Work instruction
Leave the pictures out. Return the rest of the listing below exactly.

Information shown
* * * *
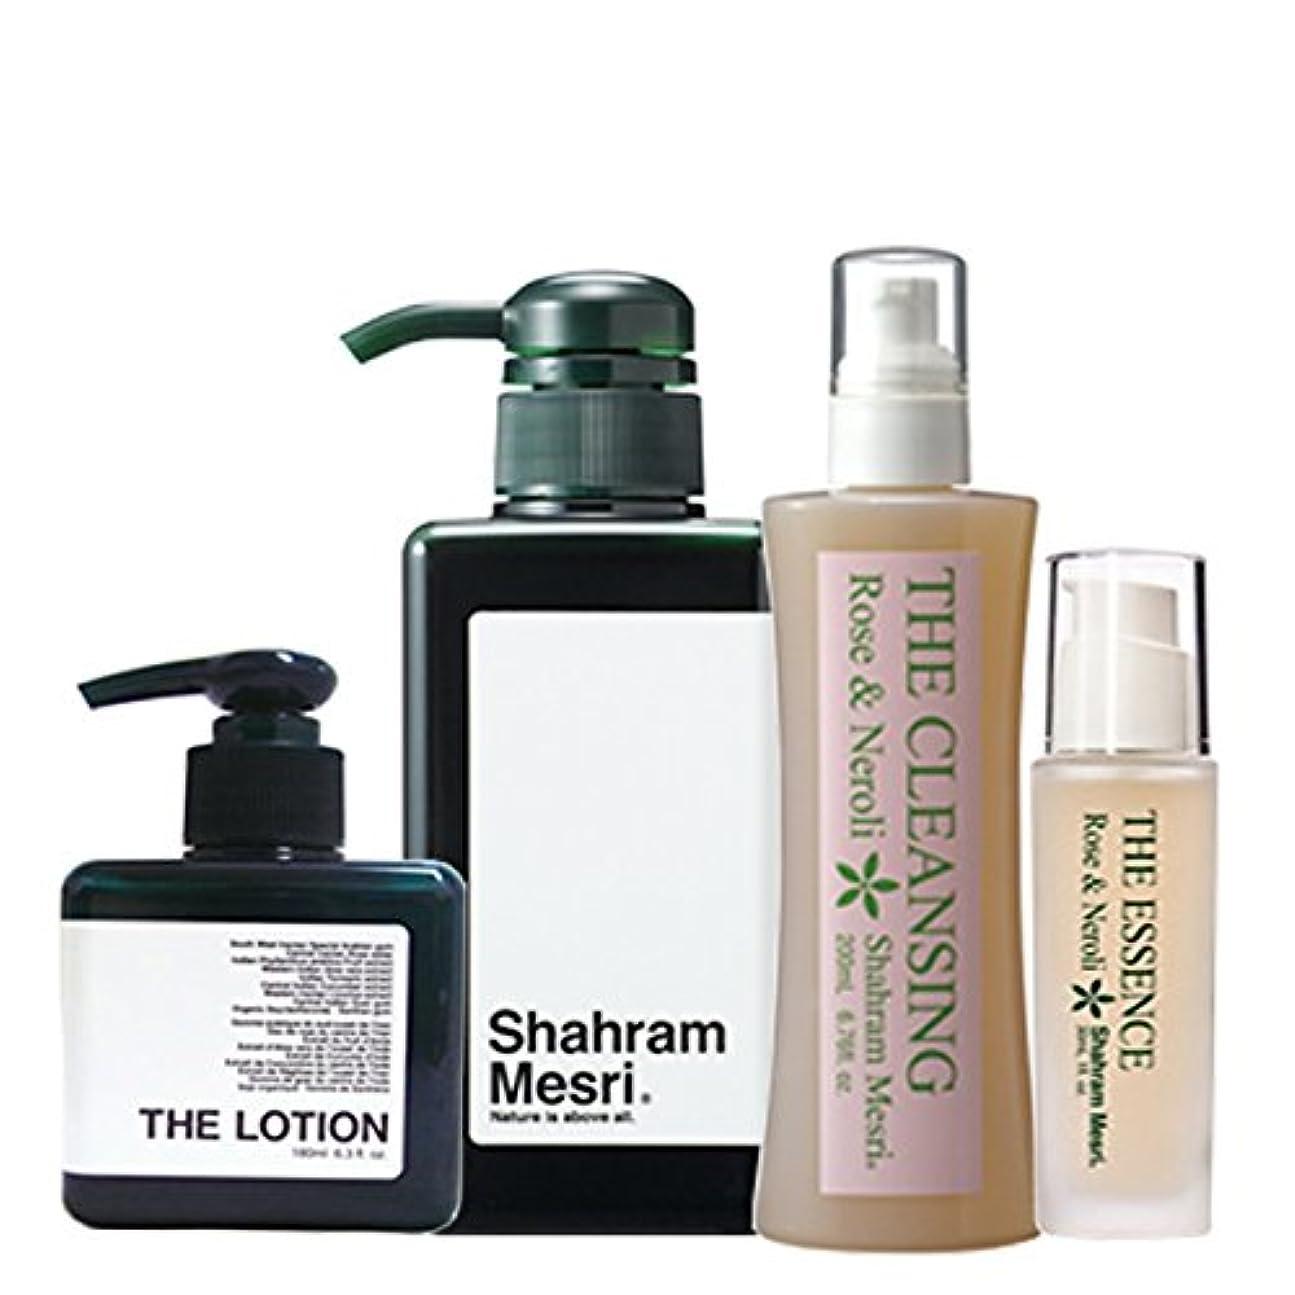 セーターダブル民間人Shahram Mesri パーフェクトセット シャハランメスリ ザ?シャンプー ザ?ローション ザ?クレンジング ザ?エッセンス のセットです。 お化粧落としからシャンプーそしてローションエッセンスの仕上げまで お試しください。
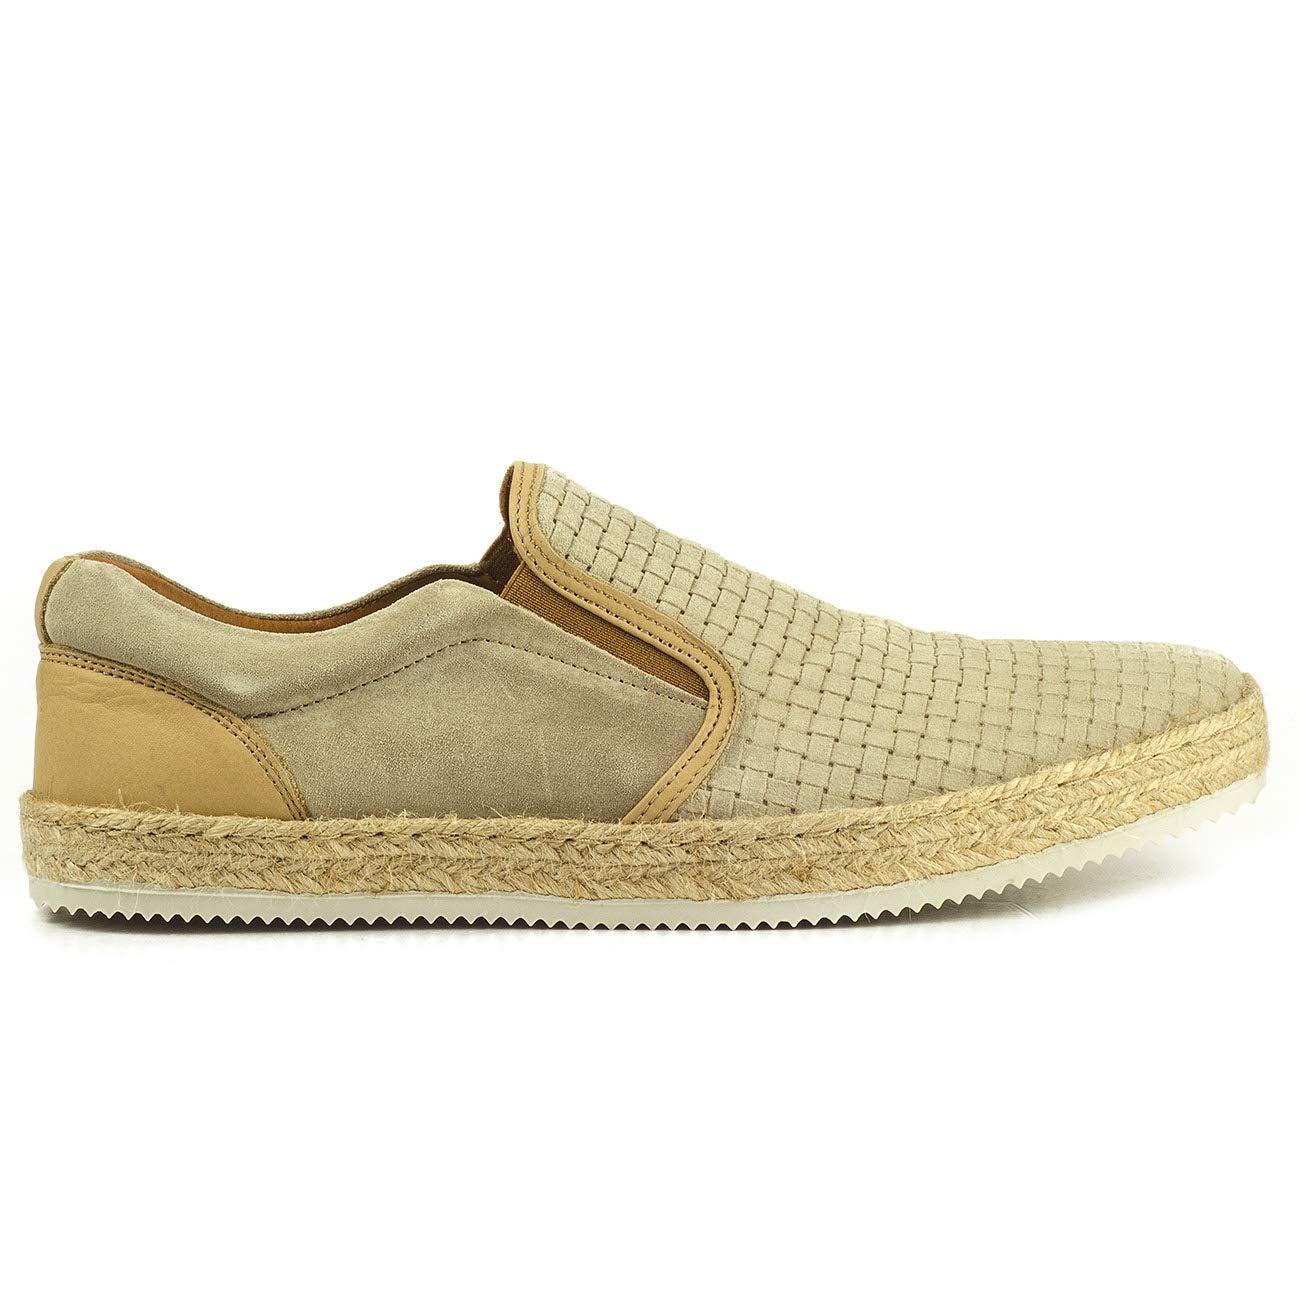 Buffalo Herren Schuhe Espadrilles ES 30739 Slip On Slipper
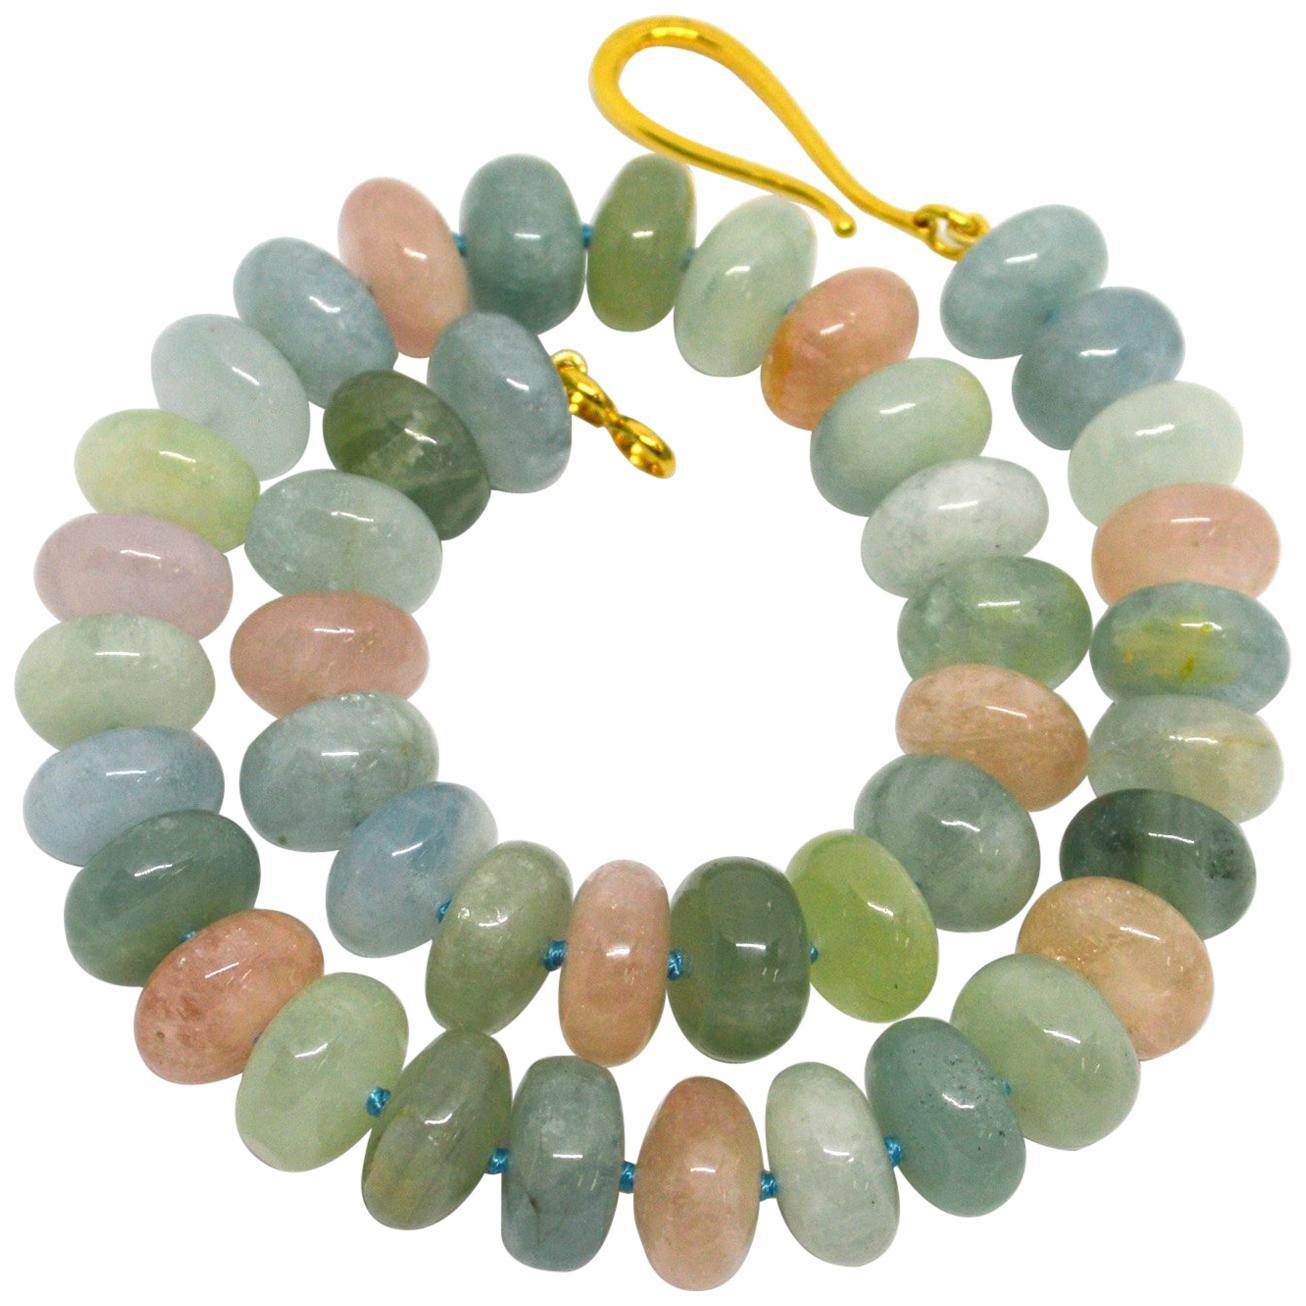 Decadent Jewels Beryl Aquamarine Morganite Gold Necklace
* * * *
Solution to the problem
 セーターダブル民間人Shahram Mesri パーフェクトセット シャハランメスリ ザ?シャンプー ザ?ローション ザ?クレンジング ザ?エッセンス のセットです。 お化粧落としからシャンプーそしてローションエッセンスの仕上げまで お試しください。
 Buffalo Herren Schuhe Espadrilles ES 30739 Slip On Slipper
 Decadent Jewels Beryl Aquamarine Morganite Gold Necklace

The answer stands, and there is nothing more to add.